The Last Party on Earth
ill. by Steve Whitaker

The Last Party on Earth

by
Jean-Marc LOFFICIER

 

Publication History:

-- First published in
Asterisks (then Notes) Volume 1, No. 4, 1976, David Vereschagin, ed.

-- Reprinted in
A-1 No. 4, Atomeka Press, 1990, with illustrations by Steve Whitaker, Dave Elliott & Garry Leach, eds.


A-1 No. 4
(cover by Simon Bisley)

To Roger Zelazny.


Said the Merchant: "Did you call me last night?"

I: "No."

A silence.

I stand, a pale and silent wraith at the ochre feet of the Great Sphinx of Gizeh. A terrible choice for a party, really. Joe -- who is not human -- comes to us. He is a tall, sun-glassed creature who fancies the idiotic dress of the ancient Hell's Angels.

"Want to score, Man?" he asks us. More of his anachronistic pitter-patter. What a bore.

"No, thank you very much." The Merchant.

"Why, no, thanks." Me. Properly contemplative.

"Nevermore." The Raven.

Joe starts smoking. Big, blue puffs float up towards the stars and down again. He sits on one. "What are you talking about, Man?" Joe calls everybody "Man". But then, we are and he is not. What he is is something else. Come to think of it, I don't think they even have use for names on his planet.

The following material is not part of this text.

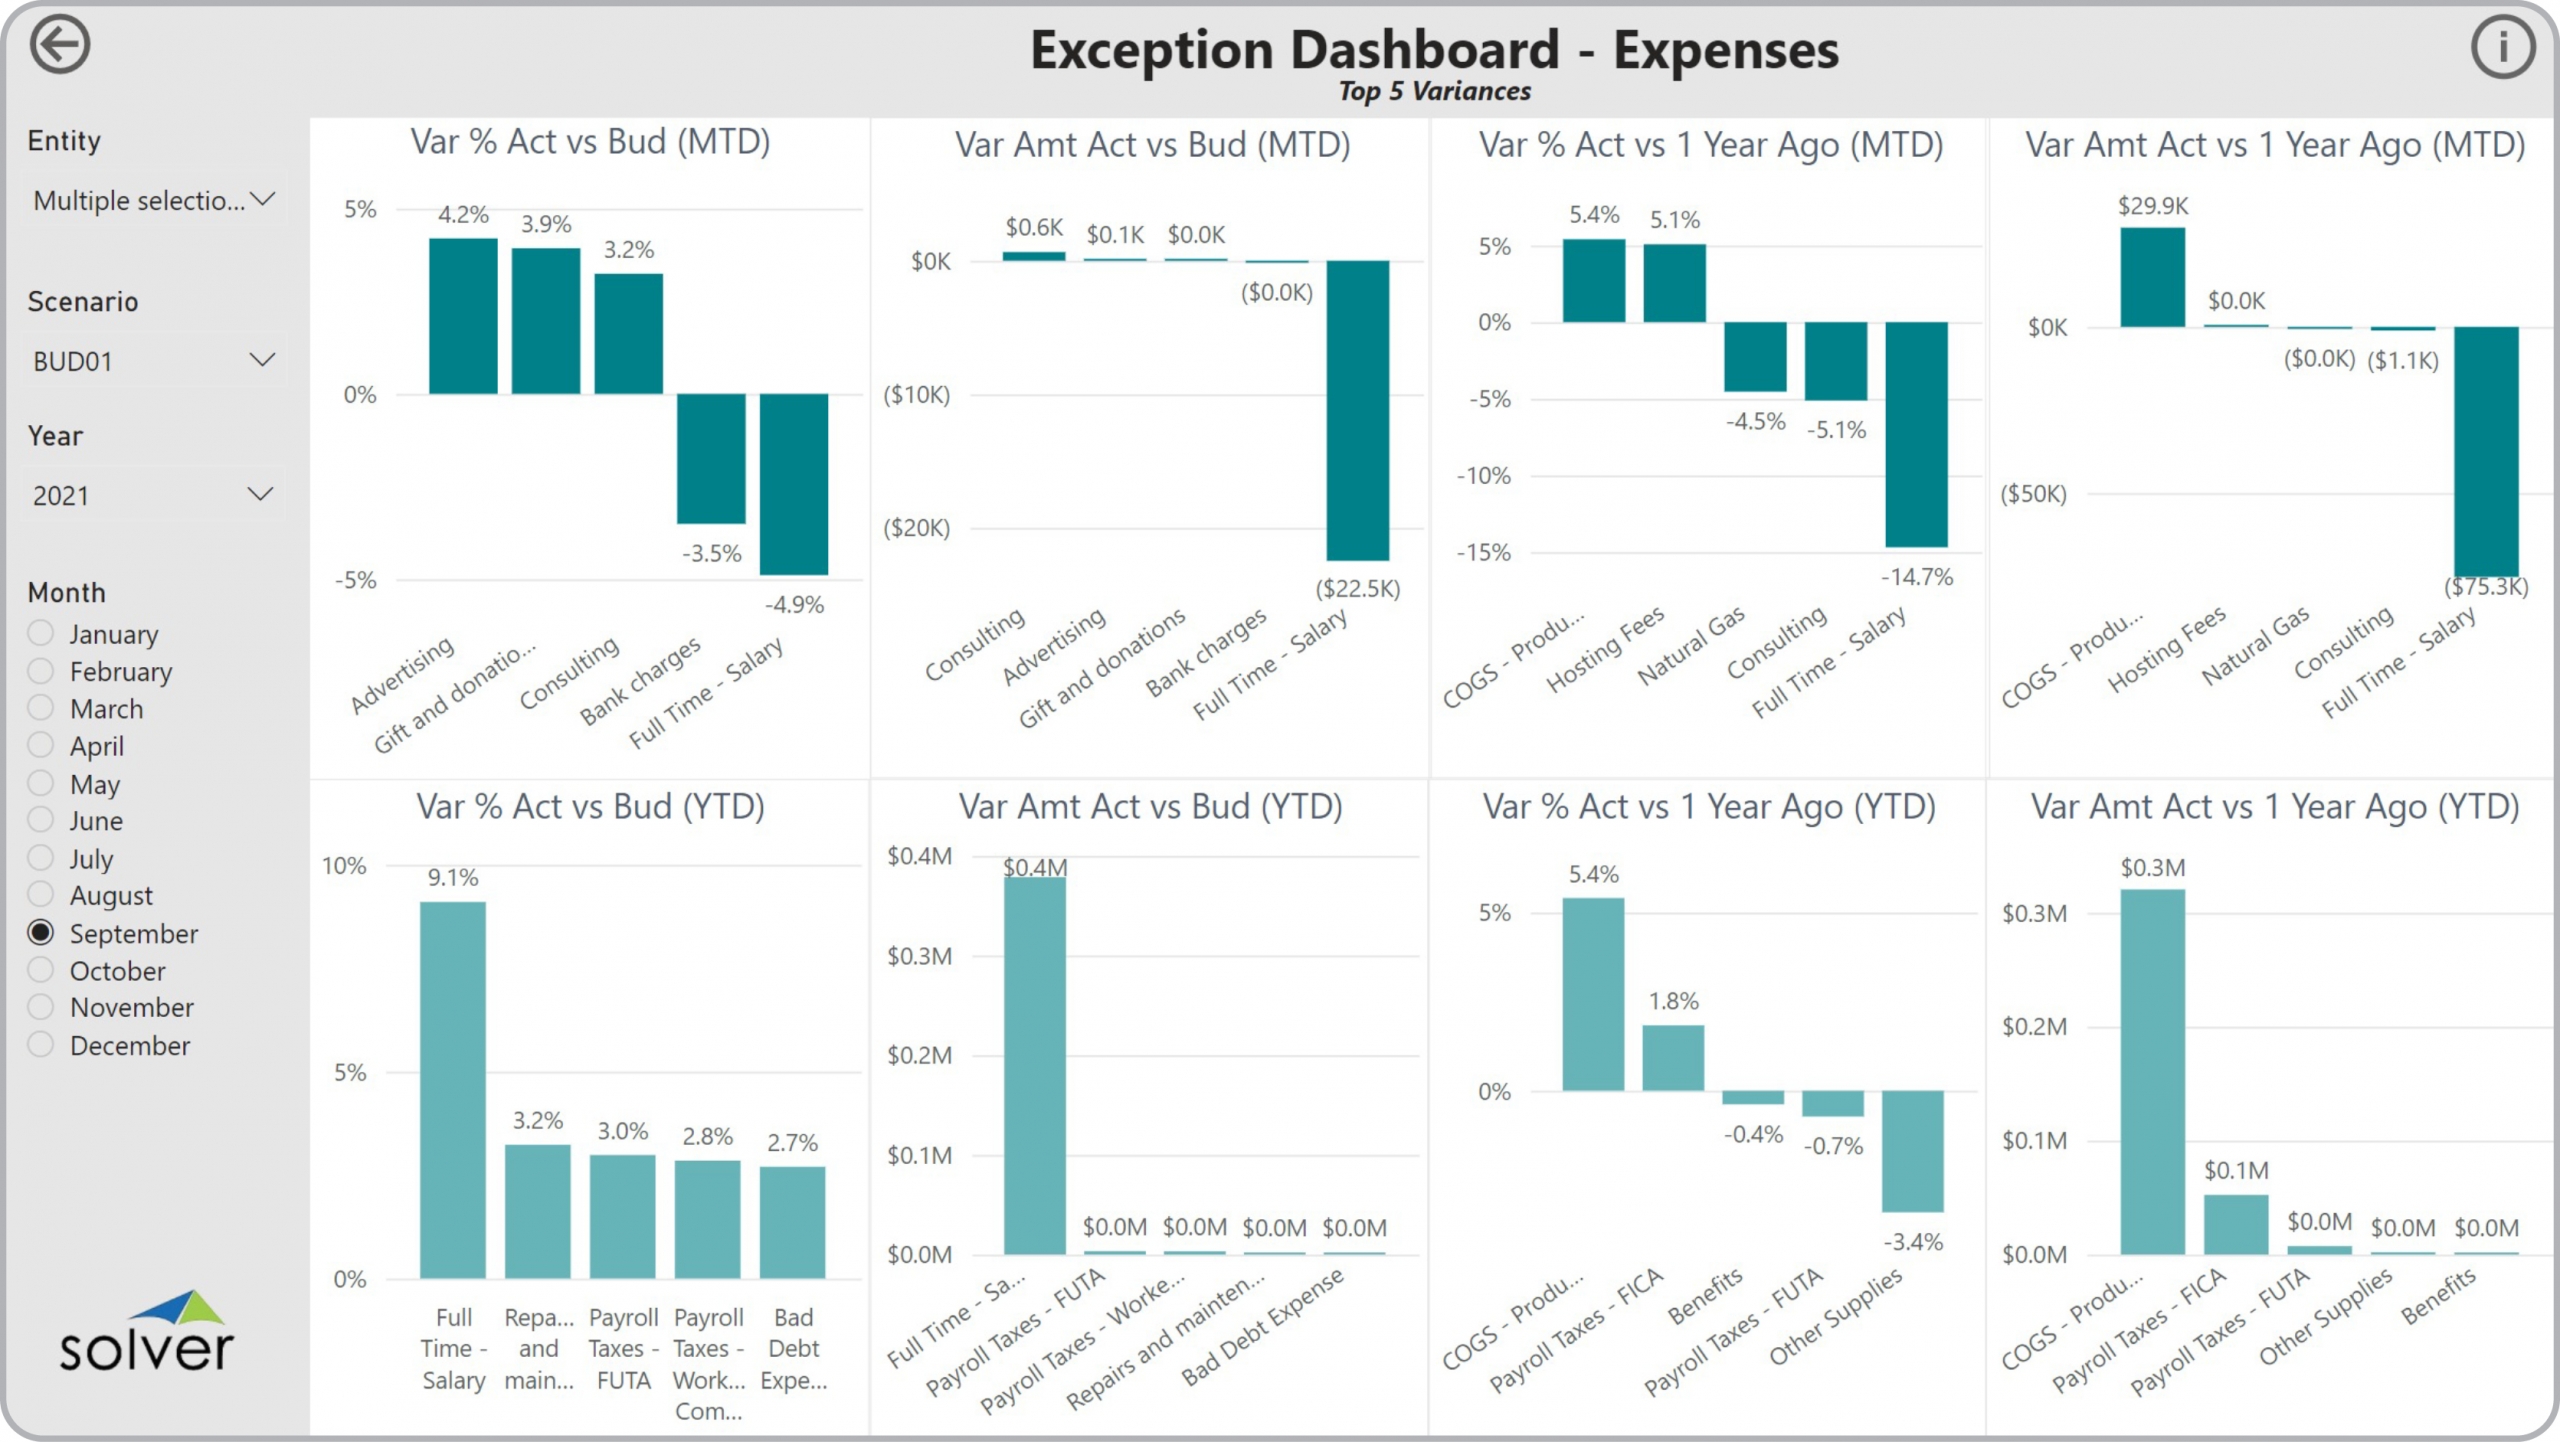 Example of an Expense Exception Dashboard to Streamline the Monthly Analysis Process

Diogenes, who until now had been busy romancing Estrella, answers, "The Merchant asked Shroud whether or not he called him last night."

"Which I did not," I add. "Besides, I try to keep my contacts with Imperium agents as minimal as possible."

Asks the Merchant, definitely upset, "Who are you calling an Imperium agent?"

Answers Joe, "Who else, fatso?"

Remarks Diogenes, "They used to be less ...obvious. I remember a time when you couldn't spot one for days."

Quoth the Raven, "Nevermore".

The Great Sphinx smiles his same, irritating, bird-swallowing smirk. The Merchant looks worried. One wonders why the Galactic Imperium keeps sending agents to Earth. And second-rate ones at that. This party is fast turning out to be a bore. I also don't like the way they fixed up its nose. I mean, the Sphinx's.

"Maybe Glocom made a mistake," I say, trying bravely to rescue this conversation from utter banality.

More silence. Courageously, I persevere.

"After all, it has been operating for a fairly long time..."

"Nevermore".

The Raven again. Who invited that awful bird anyway? I hate these DNAberrations. Call me old fashioned, but what is wrong with the traditional human shape? Estrella calls it another of my atavistic hang-ups. She also points out that my kind of satin skin wasn't developed until the Third Interregnum. So what? Consistency is the hobgoblin of micro-minds, as I always say.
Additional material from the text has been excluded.